The information we need in resolving conflict is in the Bible. The problem is discovery, application and motivation. Good common sense, wise men and women, and what we learn from life experience are helpful. Outside advice must not, however, conflict with biblical principles.
Glorify God
Paul wrote, “…whatever you do, do all to the glory of God” (1 Corinthians 10:31). Resolving conflict falls under the umbrella of “whatever.” It is easy to forget about God when we are in the drama of resolving conflict. Our passions and pain get in the way, and all we can think of is our own problem, and desperately looking for a way of escape or winning.
Many years ago I became pastor of a church that had gone through a major split. I was sent there to try to pick up the pieces after about 80% of the members had gotten mad and left – including the pastor. The stories I heard scorched my ears! The fighting had escalated to the point of having fist fights out in the parking lot after evening church services!
According to the Bible teaching about resolving conflict, that did not glorify God.
Prayer
Jesus talked about church discipline, which always carries conflict with it. He said, “…if two of you agree on earth about anything that they may ask, it shall be done for them by My Father who is in heaven” (Matthew 18:19). He said to pray.

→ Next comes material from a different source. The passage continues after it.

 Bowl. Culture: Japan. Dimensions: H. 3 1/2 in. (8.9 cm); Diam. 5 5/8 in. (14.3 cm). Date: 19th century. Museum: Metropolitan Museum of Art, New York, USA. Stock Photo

Prayer calls on Divine power, guidance, intervention, and wisdom in resolving conflict. It must, however, be followed up by enacting biblical principles that apply to the case – in other words, action.
Forgiveness
The Bible teaching about resolving conflict is unconditionally clear. Jesus instructed us in our prayer life, “And forgive us our debts, as we also have forgiven our debtors” (Matthew 6:12). Clinging to and nourishing vindictive grudges will eat our soul, rob our creativity, suck away our happiness – and unforgiveness is useless in resolving conflict.
And as Jesus pointedly taught, how can we expect God to forgive us when we don’t forgive others.

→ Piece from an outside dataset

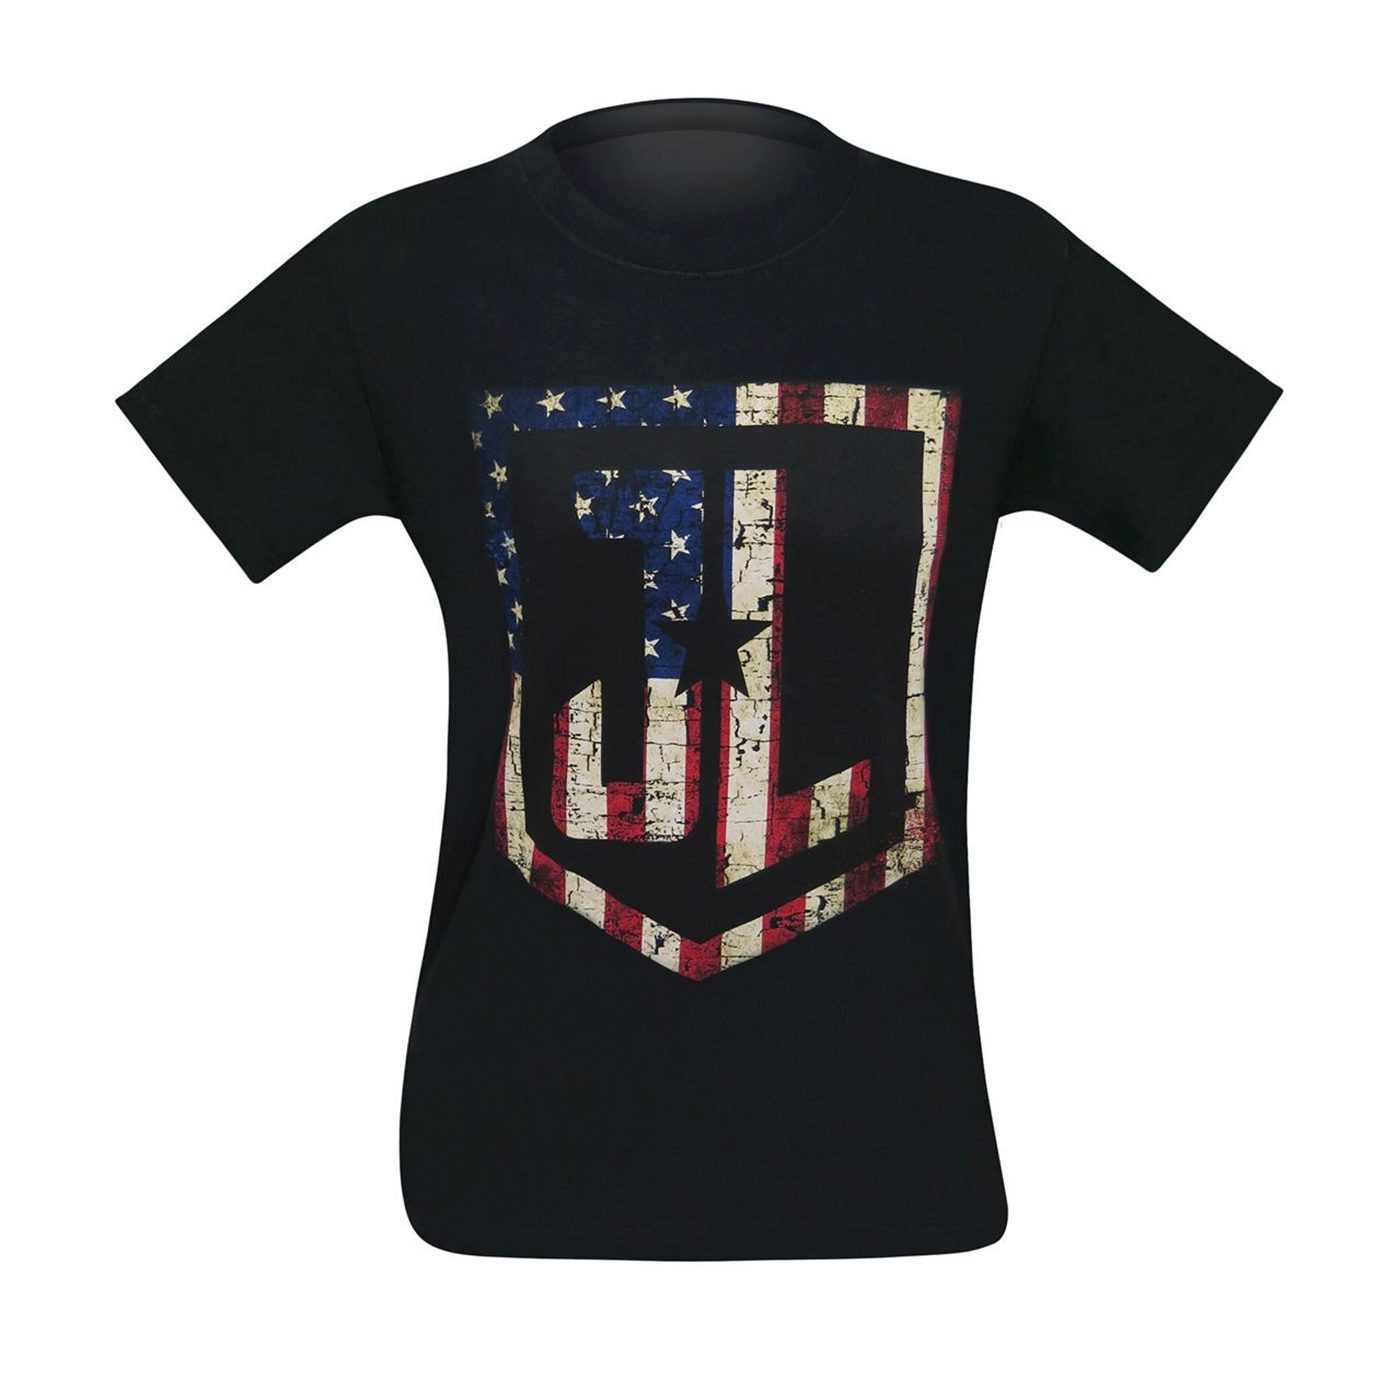 Justice League Movie American Flag Logo Men's T-Shirt

With this Bible teaching on resolving conflict, Esmie and I wish you the best. We hope you can take these principles and use them to your benefit, and the glory of God. Keep up your good work, stay encouraged, and God bless you in all your relationships. Keep up your study.
Dr. Willis and Esmie Newman
BIBLE STUDY QUESTIONS
1. According to the Bible teaching about resolving conflict, what is the goal in relationships? Explain your answer in terms of practical application.
2. Think of a time when you were in a situation of conflict. Which of the principles of resolving conflict in this study did you apply successfully? Explain.
3. In that time of conflict, what principles of resolving conflict could you have improved on? Explain.
4. Why do you think resolving conflict is important to God? Explain in your own words.
5. Referencing the Bible teaching about resolving conflict, why do you think forgiveness is important? List five reasons for forgiveness, and five reasons for not forgiving.
6. In following God’s example of resolving conflict, who took the initiative (2 Corinthians 5:18, 19)? Should we do likewise? Explain.
7. In the Bible teaching about resolving conflict, explain the principles James give us (James 1:19, 20).
8. In the context of Philippians 1:27-2:7, explain the principles and process Paul went through in resolving conflict.
9. What is the role of Satan in conflict (2 Corinthians 2:10, 11; 1 Peter 5:8; Ephesians 6:11, 12)?
10. In this Bible teaching about resolving conflict, what stands out to you the most? Explain.